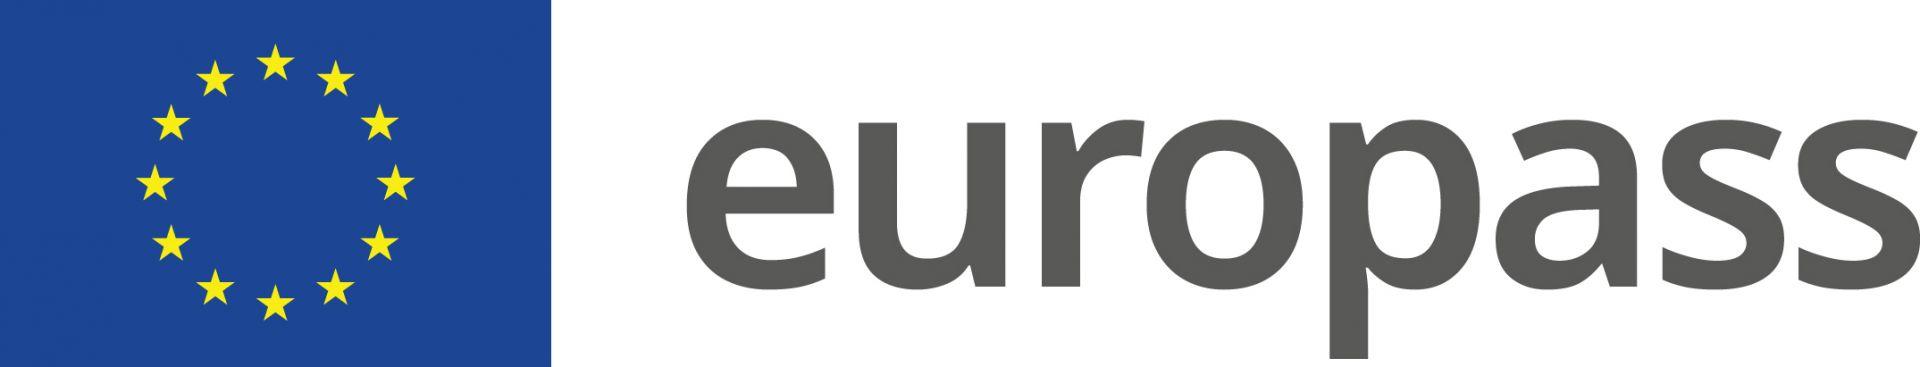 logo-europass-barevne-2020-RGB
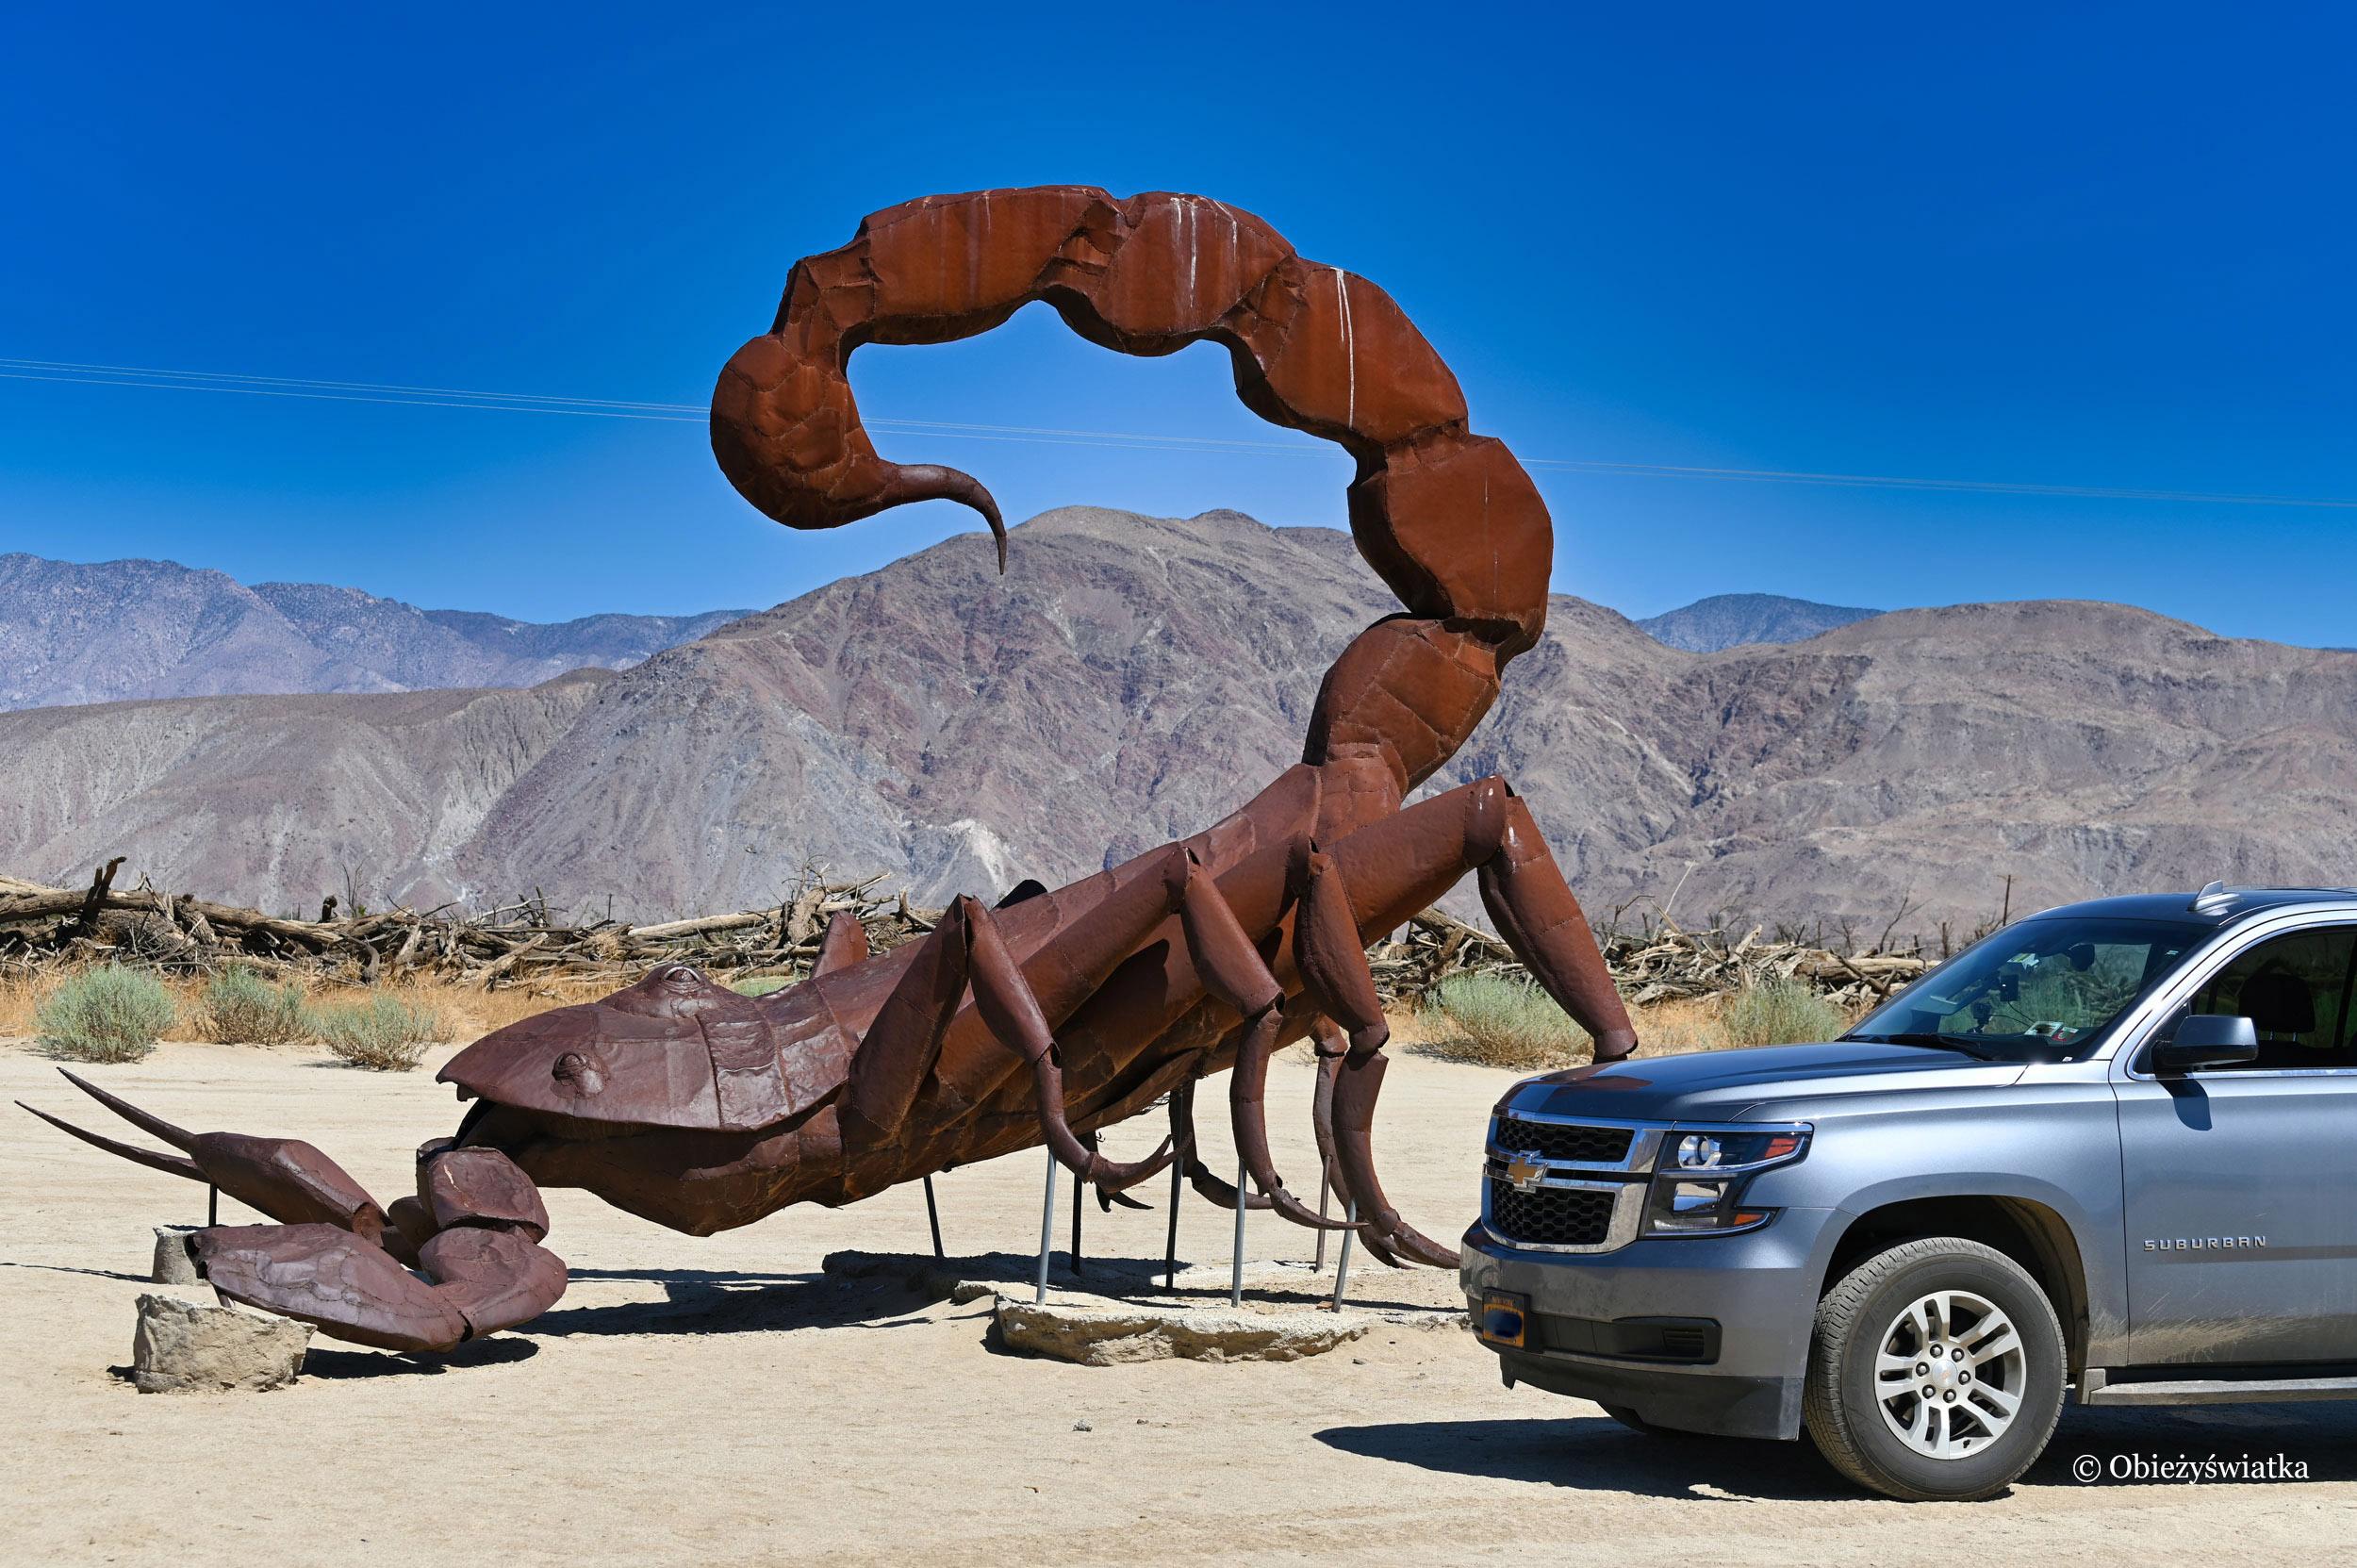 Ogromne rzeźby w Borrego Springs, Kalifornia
==
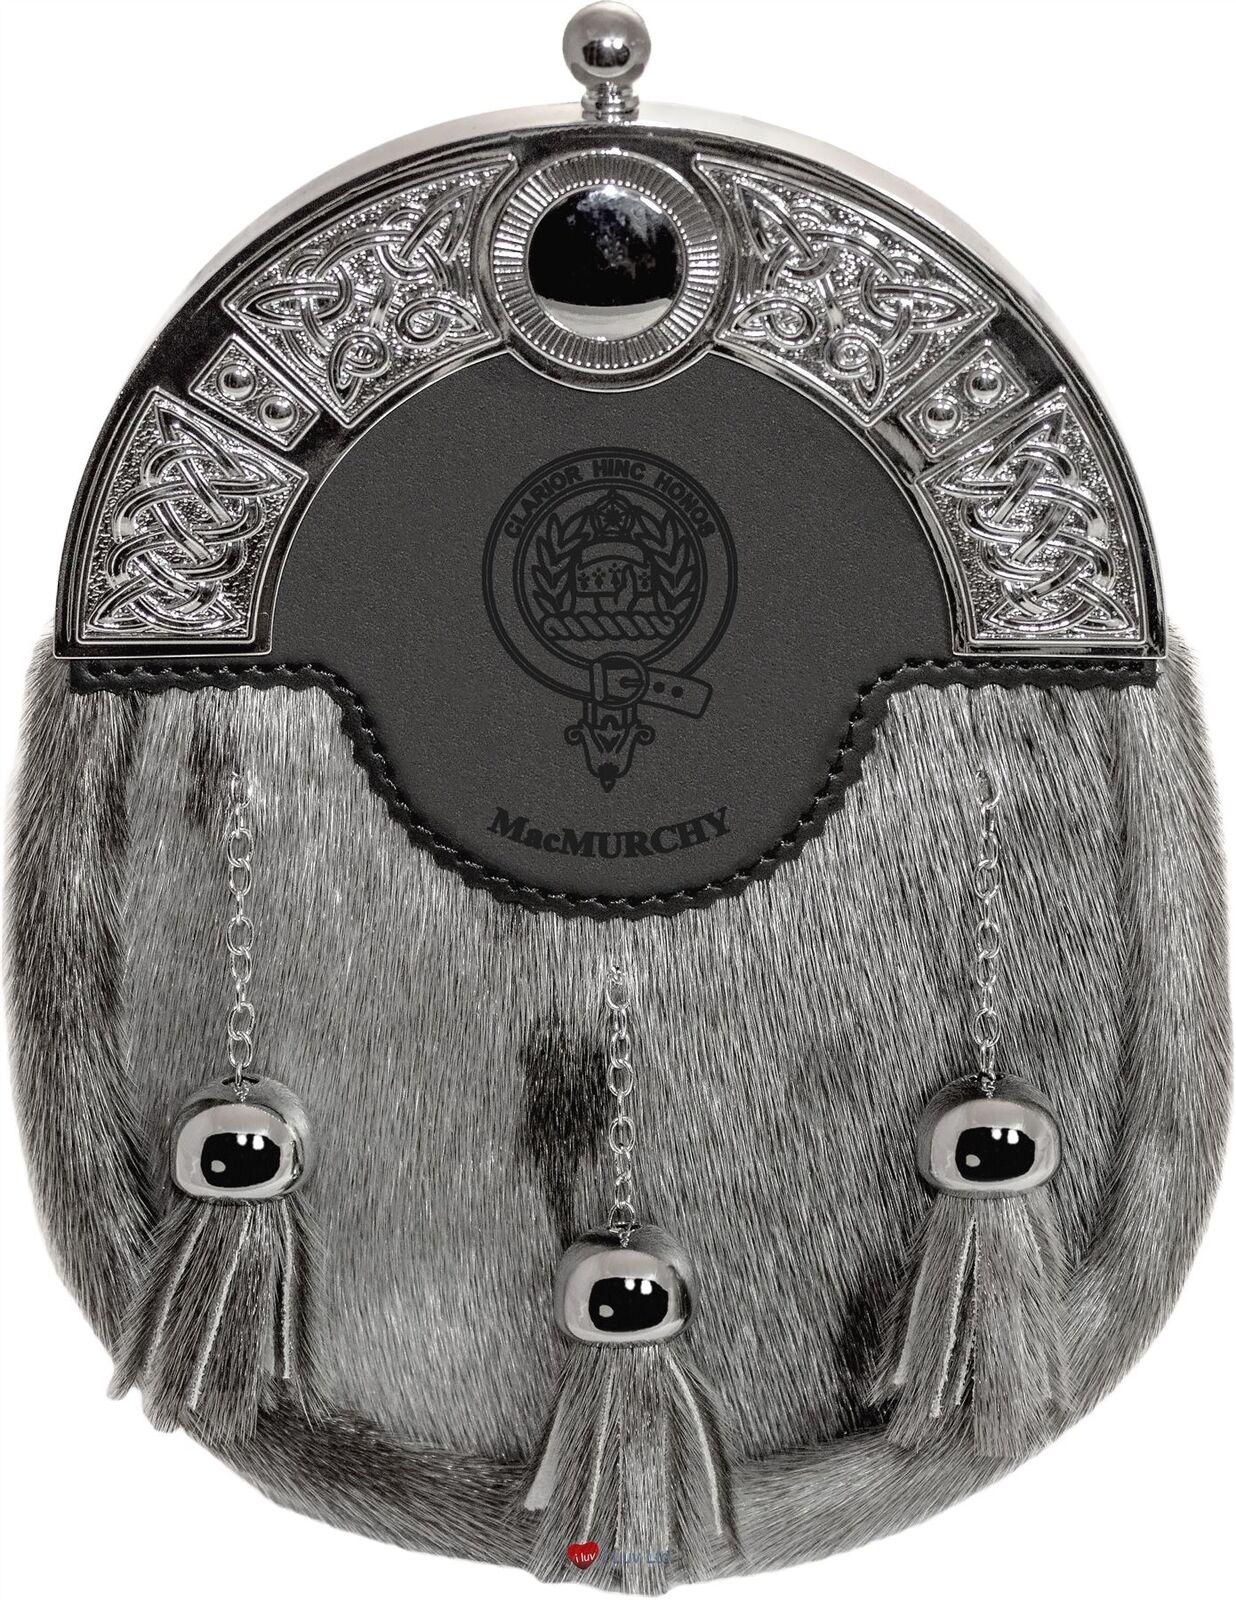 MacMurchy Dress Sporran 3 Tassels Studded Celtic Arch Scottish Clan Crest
--
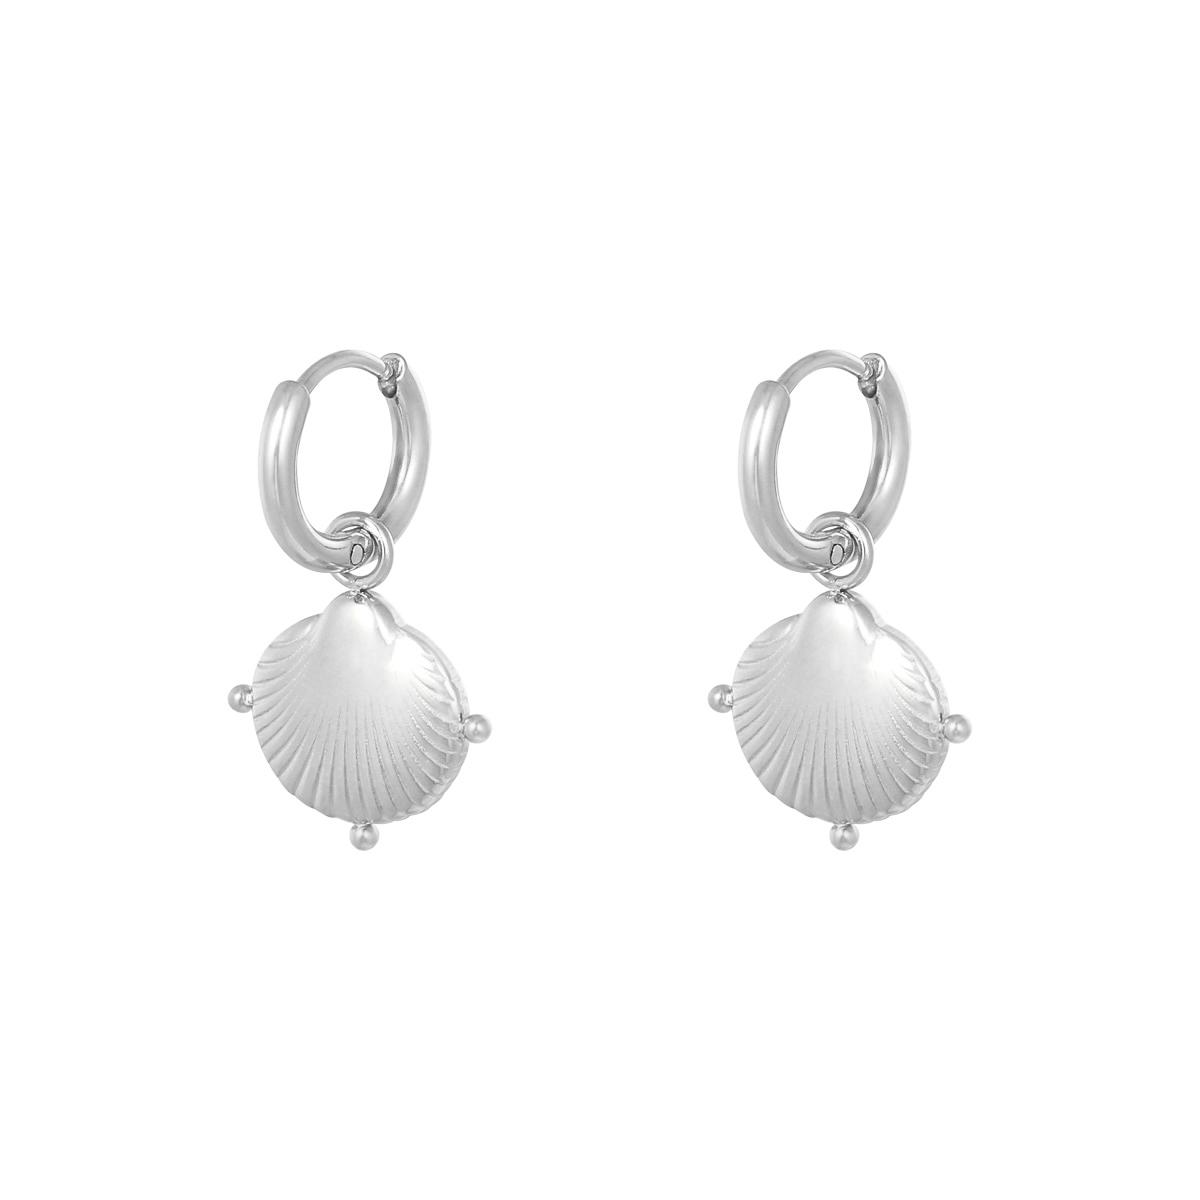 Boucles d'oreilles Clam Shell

• Assigned task
From the material above, give again exactly the lines from the one that contains "logo-europass-barevne-2020-RGB" through the one that contains "Ogromne rzeźby w Borrego Springs, Kalifornia", and leave out the pictures.

• Finished exercise
 logo-europass-barevne-2020-RGB
 Ogromne rzeźby w Borrego Springs, Kalifornia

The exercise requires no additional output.